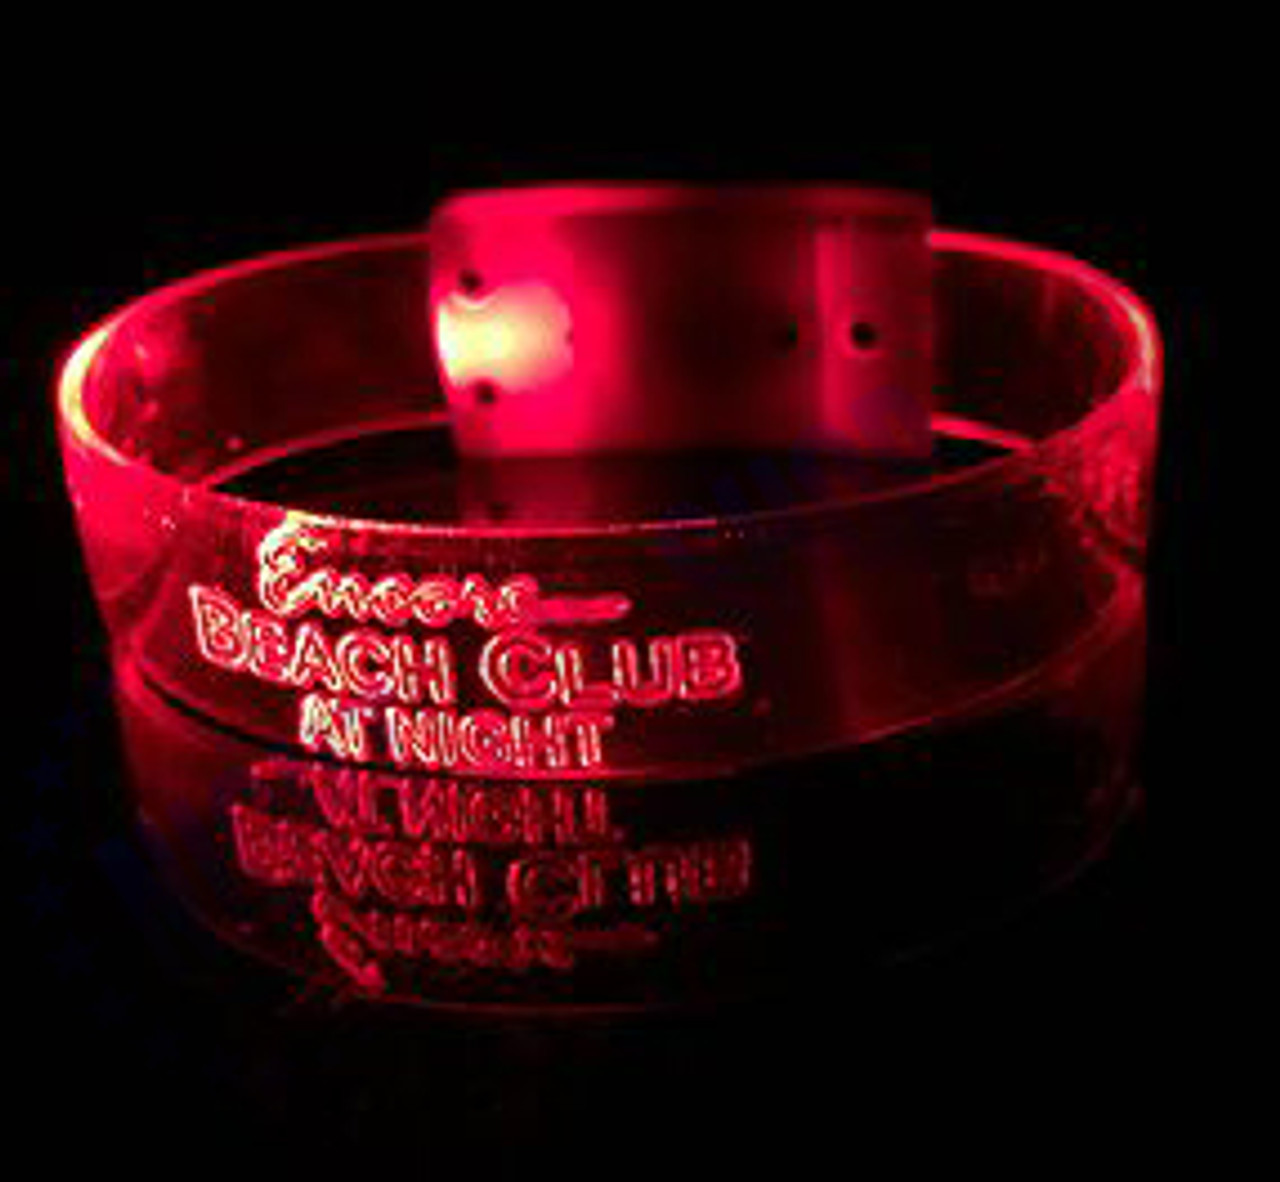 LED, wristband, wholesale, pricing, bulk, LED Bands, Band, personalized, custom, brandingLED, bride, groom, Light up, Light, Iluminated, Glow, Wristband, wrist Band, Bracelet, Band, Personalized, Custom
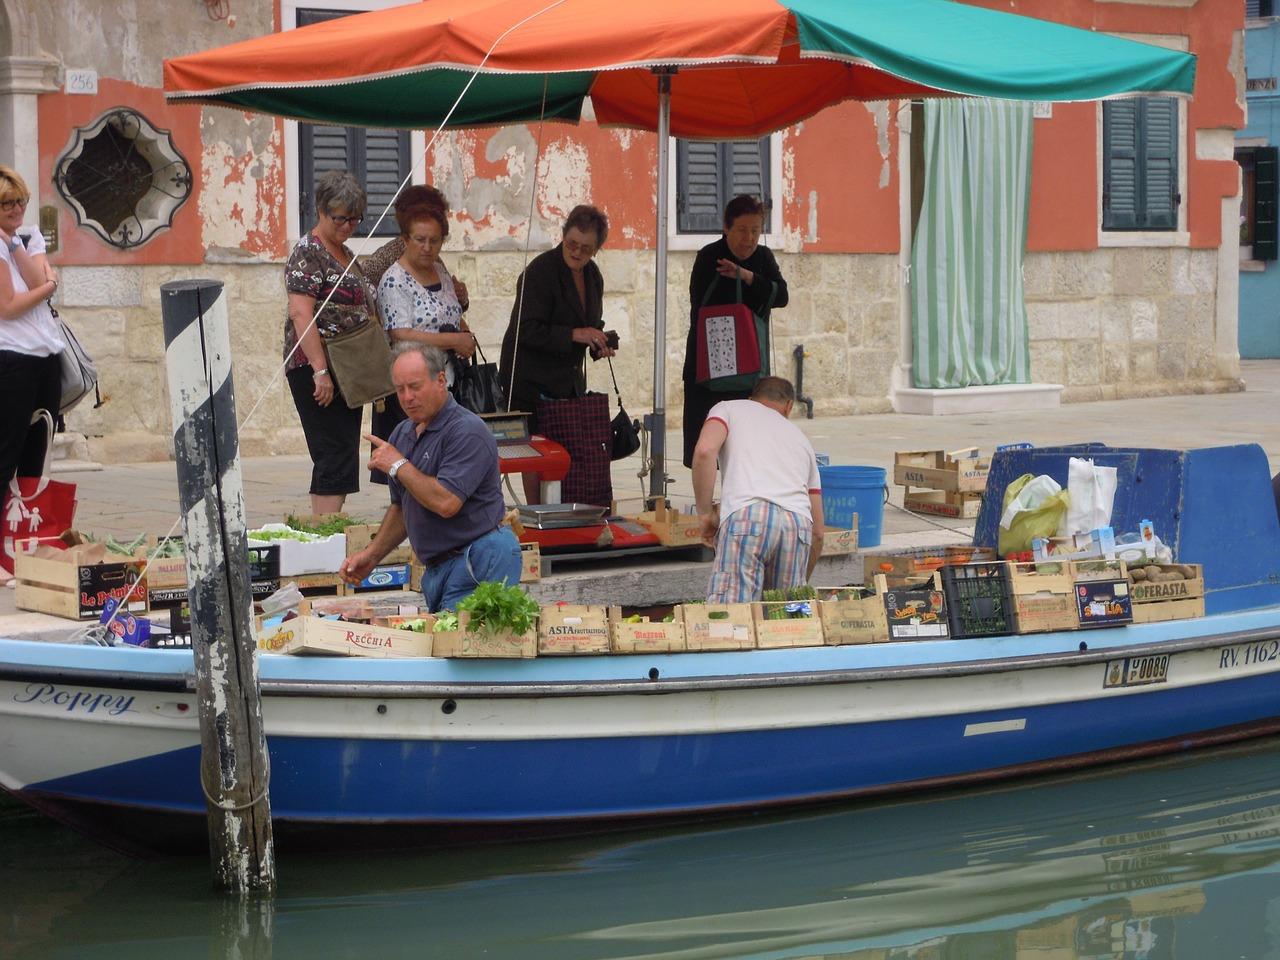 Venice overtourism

---

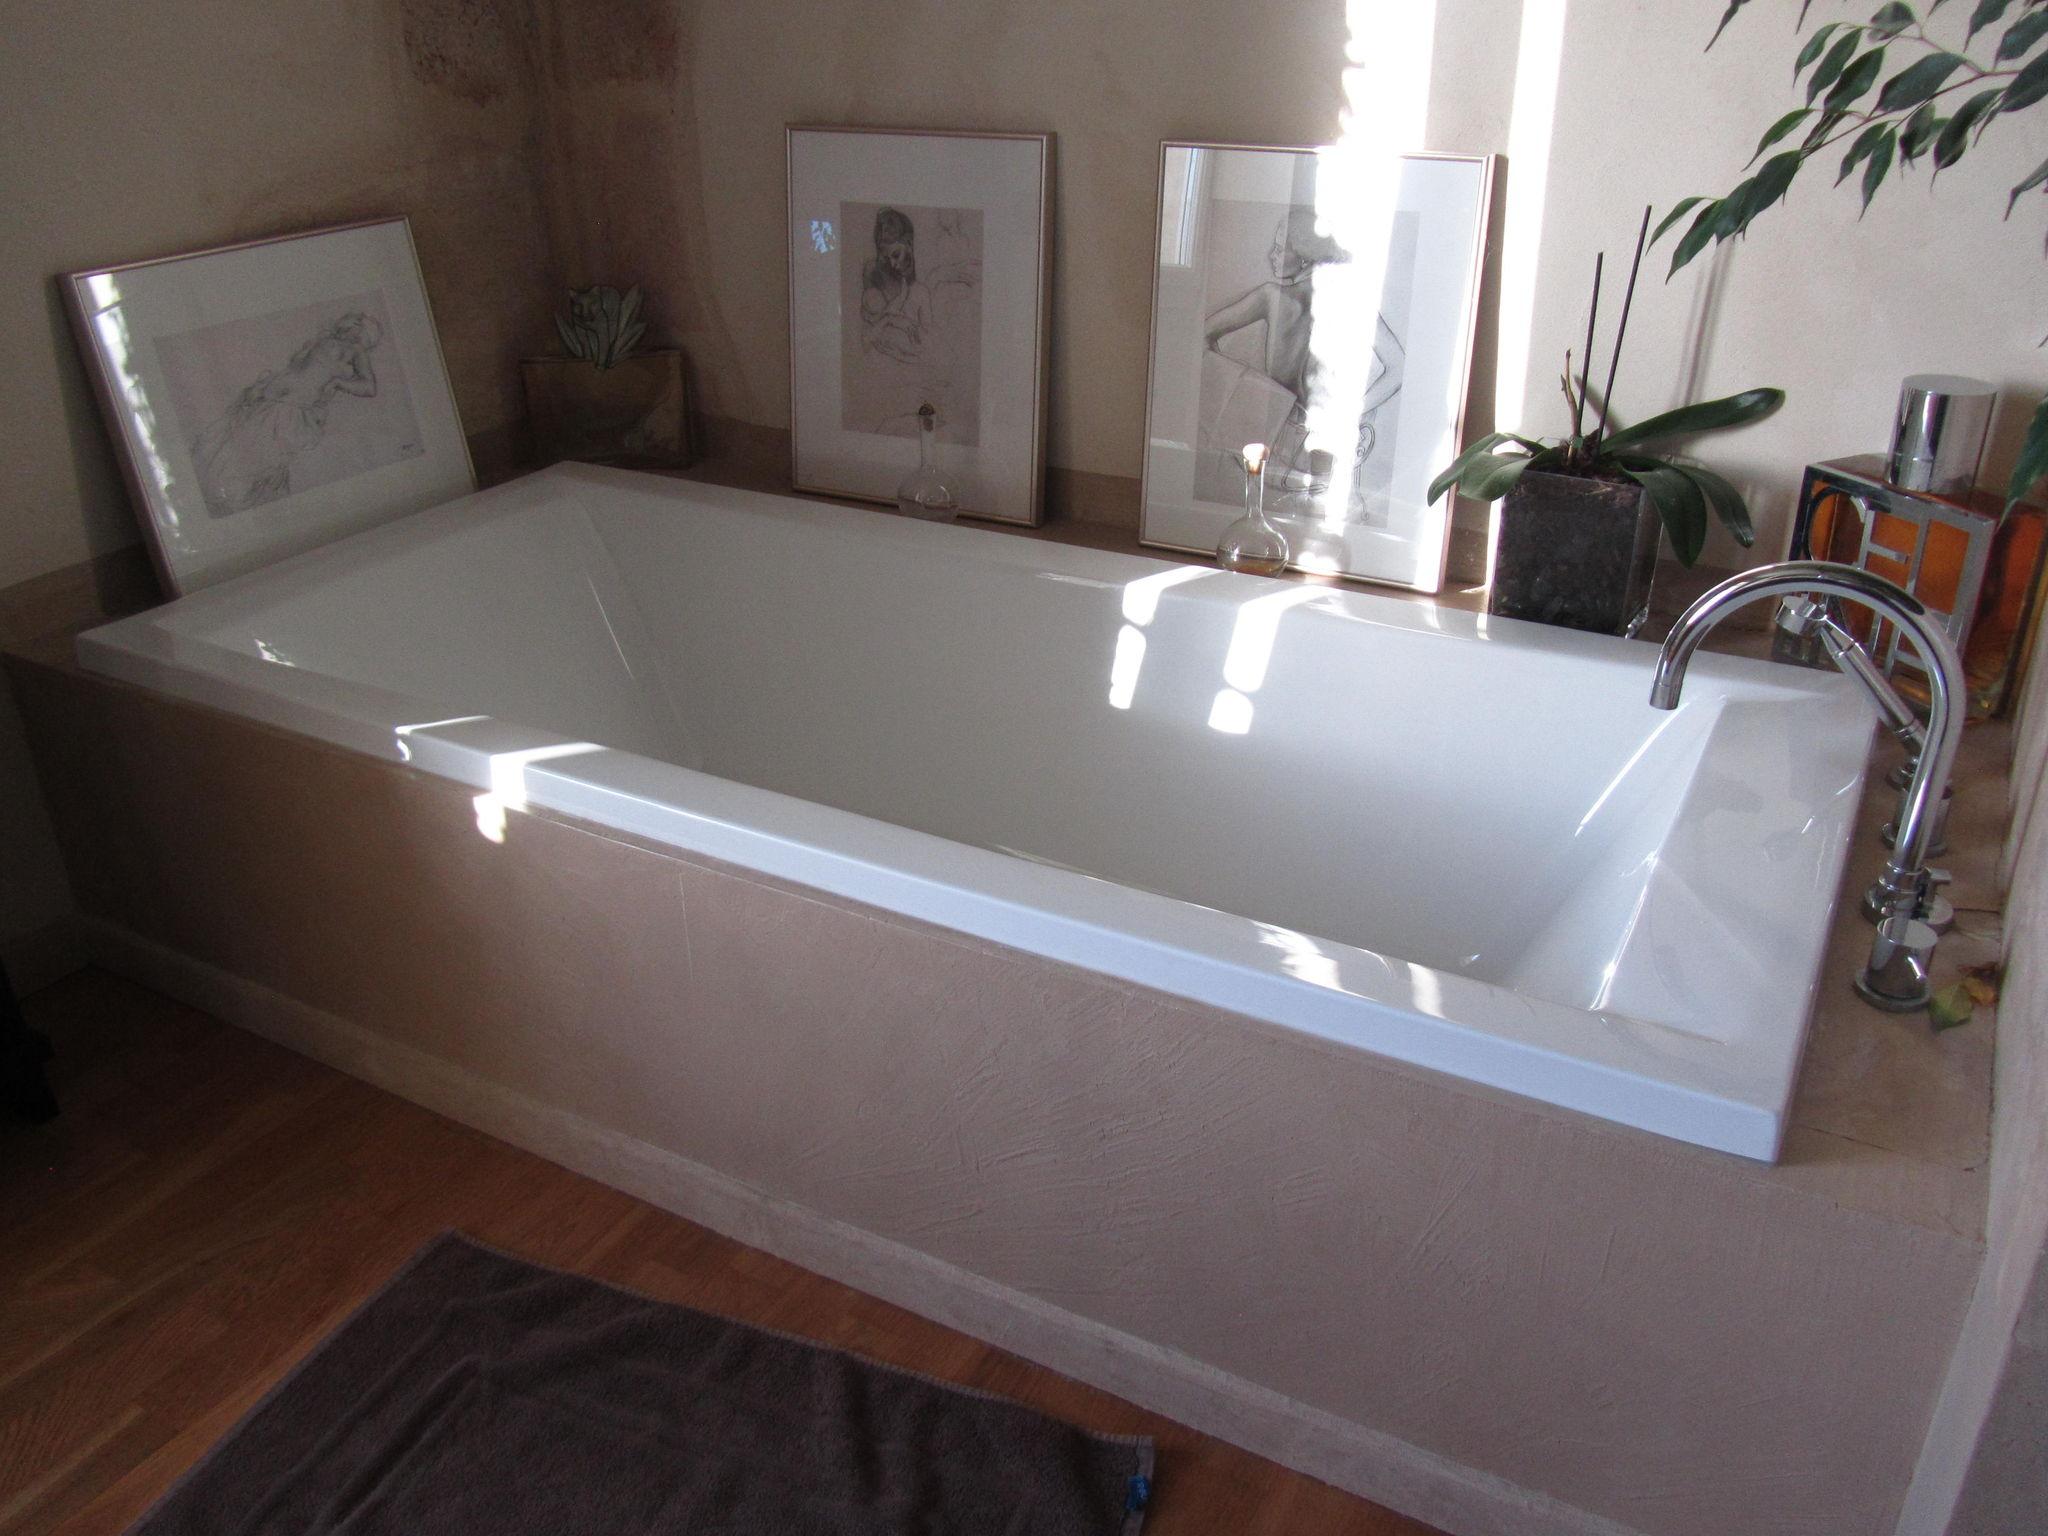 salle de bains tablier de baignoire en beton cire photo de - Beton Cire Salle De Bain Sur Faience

## WORK TASK
In the listing above, find the line containing "LED, wristband, wholesale, pricing, bulk, LED" and the line containing "Venice overtourism", then write out both of them and every line between, exactly, with no pictures.

## ANSWER TO THIS EXERCISE
 LED, wristband, wholesale, pricing, bulk, LED Bands, Band, personalized, custom, brandingLED, bride, groom, Light up, Light, Iluminated, Glow, Wristband, wrist Band, Bracelet, Band, Personalized, Custom
 Venice overtourism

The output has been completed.